Trump accuses Twitter, social media of 'discrimination' against right
US President Donald Trump said Twitter and other social media are discriminating against conservatives on Tuesday, as the world grieves for victims of the New Zealand mosque attacks.
3 min read
19 March, 2019
US President Donald Trump made the remarks on Twitter [Getty]
Twitter and other social media are discriminating against conservatives, US President Donald Trump charged on Tuesday.

"It seems to be if they are conservative, if they are Republicans, in a certain group, there is discrimination. I see it on Twitter and Facebook," Trump said at a joint press briefing with his Brazilian counterpart Jair Bolsonaro.

Earlier in the day Trump expressed similar complaints on Twitter where, despite his allegations of bias, he himself has 59 million followers.

The remarks came amid global outrage over the killing of at least 50 people that were murdered during an attack on two mosques in New Zealand's Christchurch.

Brenton Tarrant, a 28-year-old Australian far-right extremist, was been charged with murder over the worst modern-day massacre in New Zealand.

In a rambling manifesto, the gunman had said he was motivated partly by a desire to stoke a violent response from Muslims and a religious war between Islam and the West. He also described President Trump as "a symbol of renewed white identity".

On Saturday, Trump denied that white nationalism was a rising threat around the world, just hours after the racist and Islamophobic massacre in New Zealand.

Trump expressed sympathy along with most international leaders for the victims who died at "places of worship turned into scenes of evil killing", but declined to join expressions of mounting concern about white nationalism. 

"I think it's a small group of people that have very, very serious problems, I guess," Trump said Friday in remarks after issuing his first veto. "If you look at what happened in New Zealand, perhaps that's the case. I don't know enough about it yet. But it's certainly a terrible thing."

When asked about the accused gunman's reference to him, Trump said he hadn't seen it. 

"But I think it's a horrible event... a horrible, disgraceful thing and a horrible act."

In his manifesto, the accused shooter proudly stated he was a white nationalist who hates immigrants and that his attack was is response to attacks in Europe that were perpetrated by Muslims. He mentioned the US president in a single reference.

"Were/are you a supporter of Donald Trump?" was one of the questions he posed to himself. His answer: "As a symbol of renewed white identity and common purpose? Sure. As a policy maker and leader? Dear god no."

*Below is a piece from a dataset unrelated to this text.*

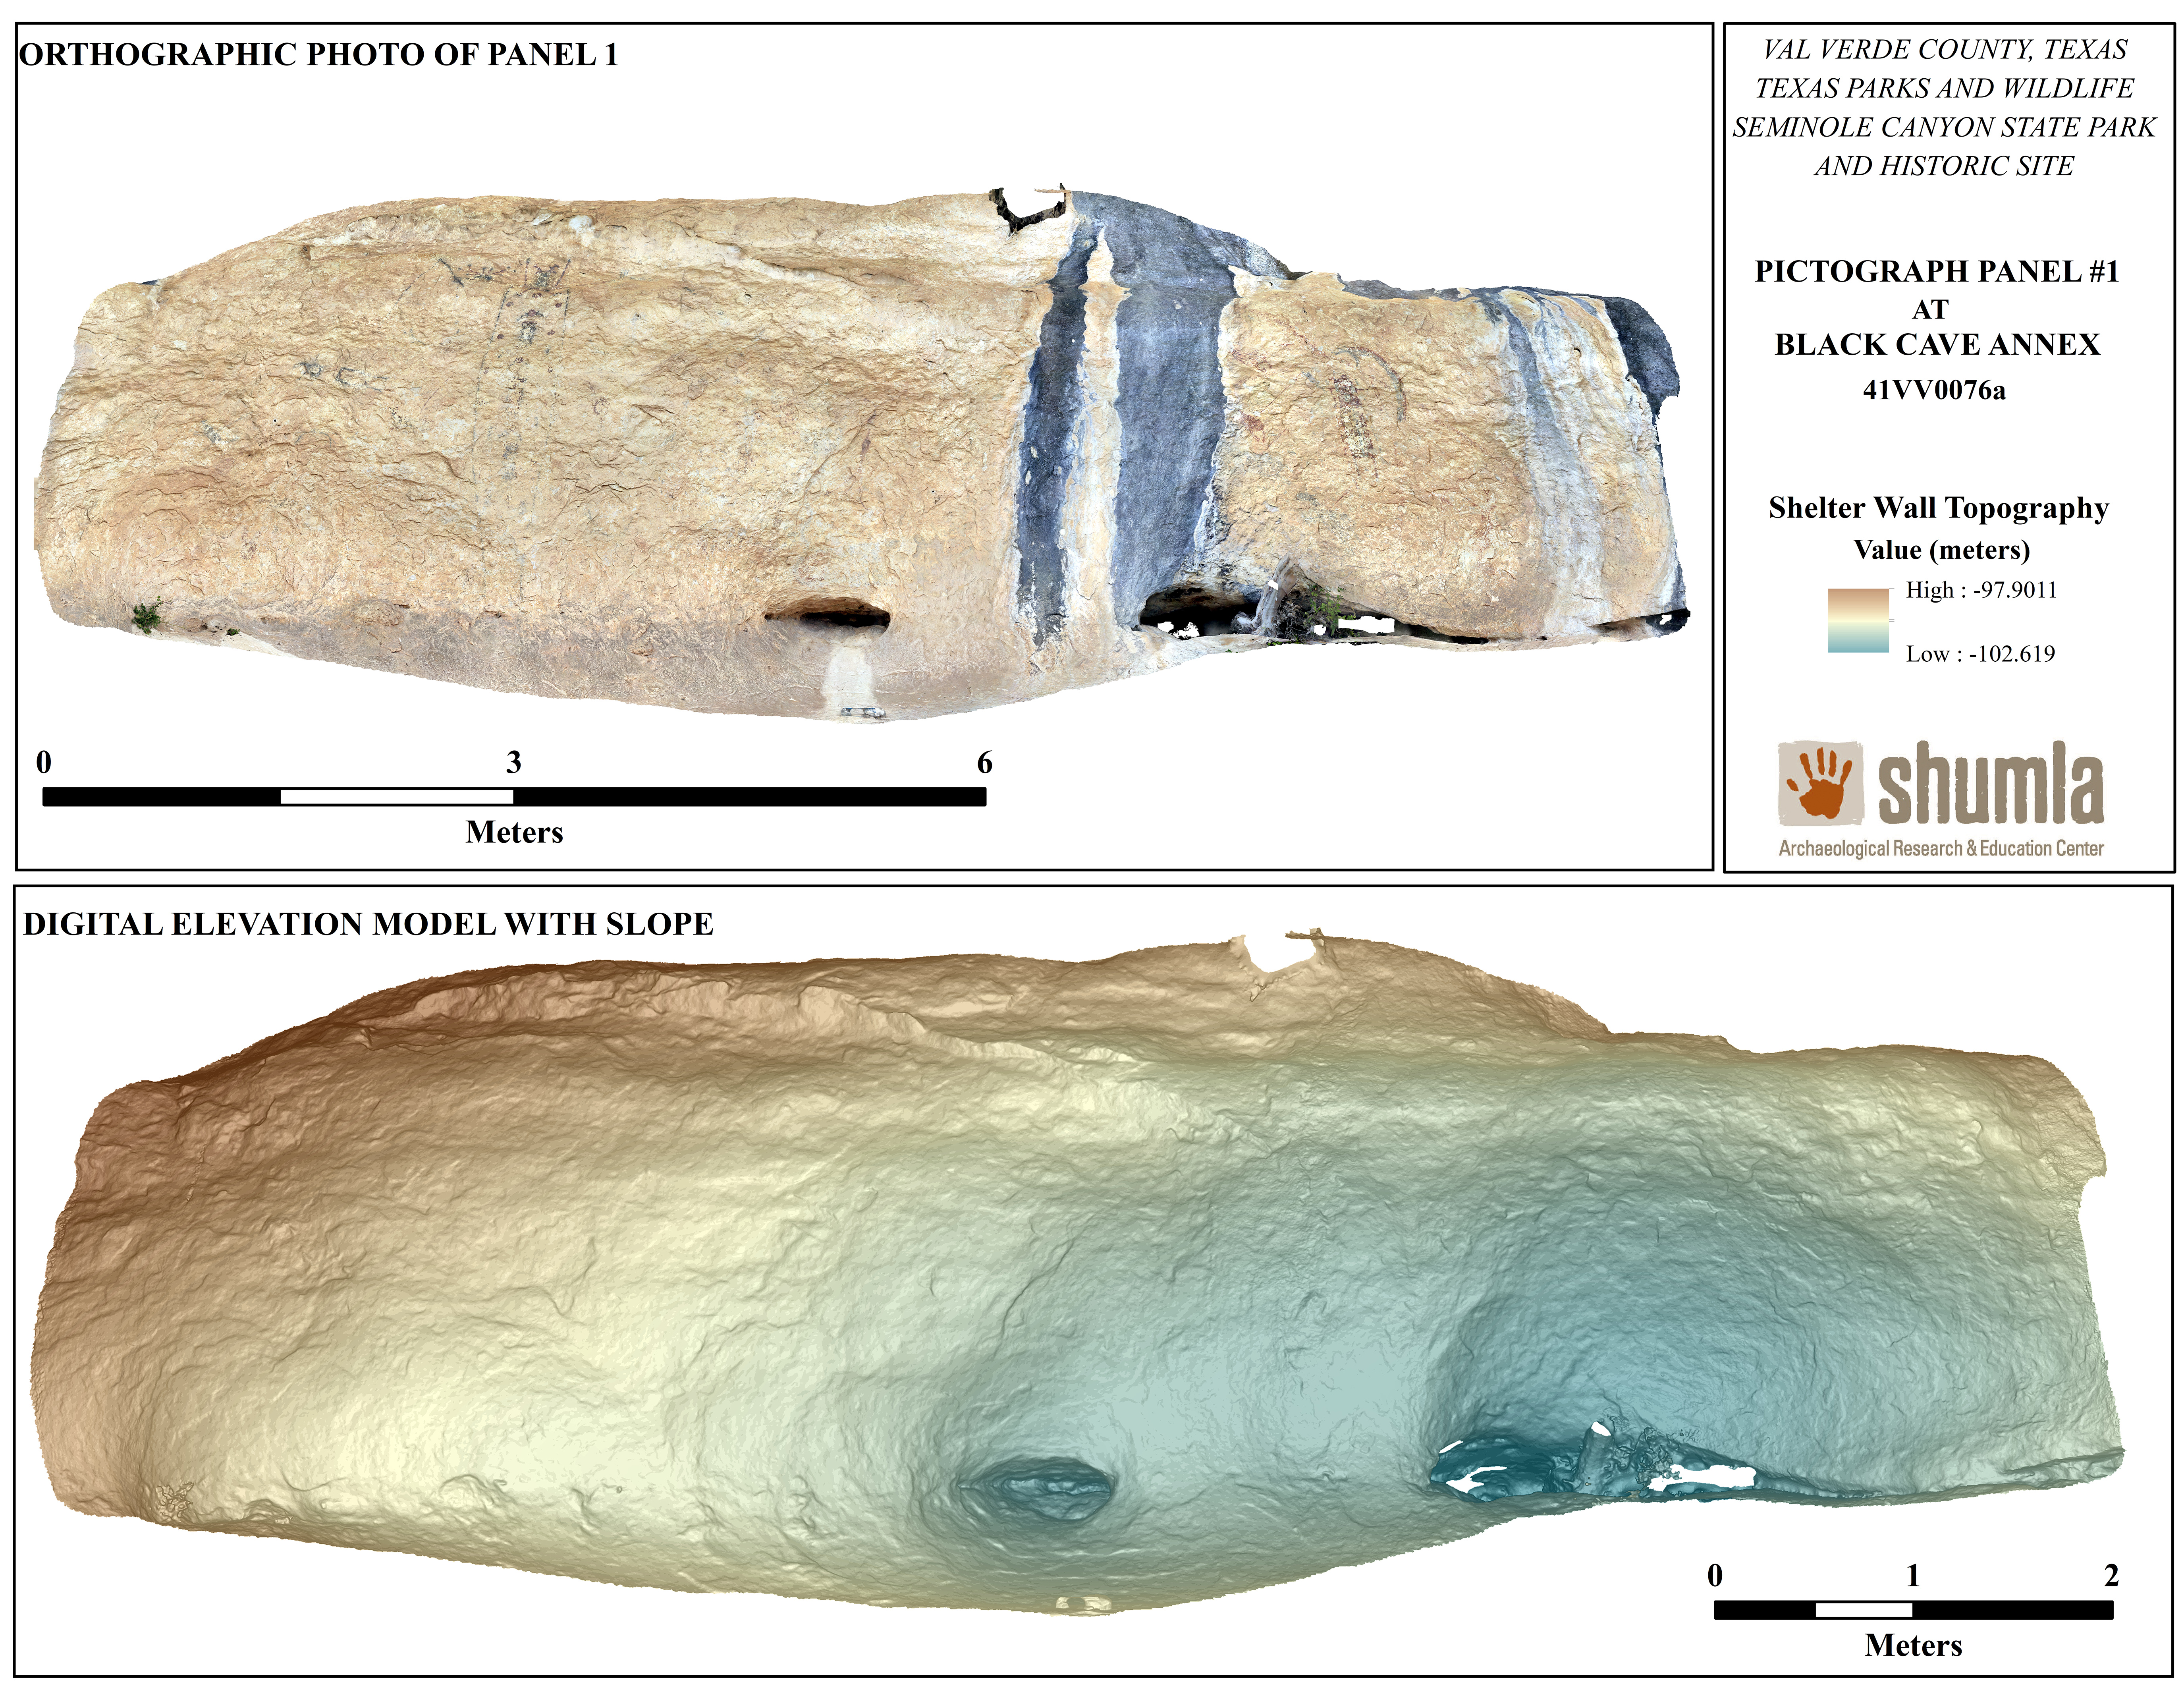 Orthographic photo and Digital Elevation Model (DEM) of Black Cave Annex exported from the SfM 3D model and imported into a mapping software.

The White House immediately denounced the connection. But the mention from the suspect, who had drawn Nazi imagery in white on his black semi-automatic weapons, showcases how the US president has been embraced by some on the far-right.

Trump, who is behind the Muslim ban in the US, has drawn criticism for being slow to condemn right wing extremism. 

After a 2017 clash between white nationalists and anti-racist protesters in Charlottesville, Virginia, that left one demonstrator dead, Trump said there were "very fine people on both sides".

Read also: We told you the threat is white supremacy. You ignored us.

He also did not immediately reject the support of David Duke, a former KKK Grand Wizard, during his presidential campaign.

The grand imam of Egypt's famed Al-Azhar mosque and university, Sheikh Ahmed al-Tayeb, has condemned the attacks as a "horrific terrorist attack".

The "rising rhetoric of hatred and xenophobia and the spread of Islamophobia" were to blame, he said.

The number of people killed or wounded in the racist shooting represent around 1 in every 500 Muslims in New Zealand, which has a Muslim population of nearly 50,000.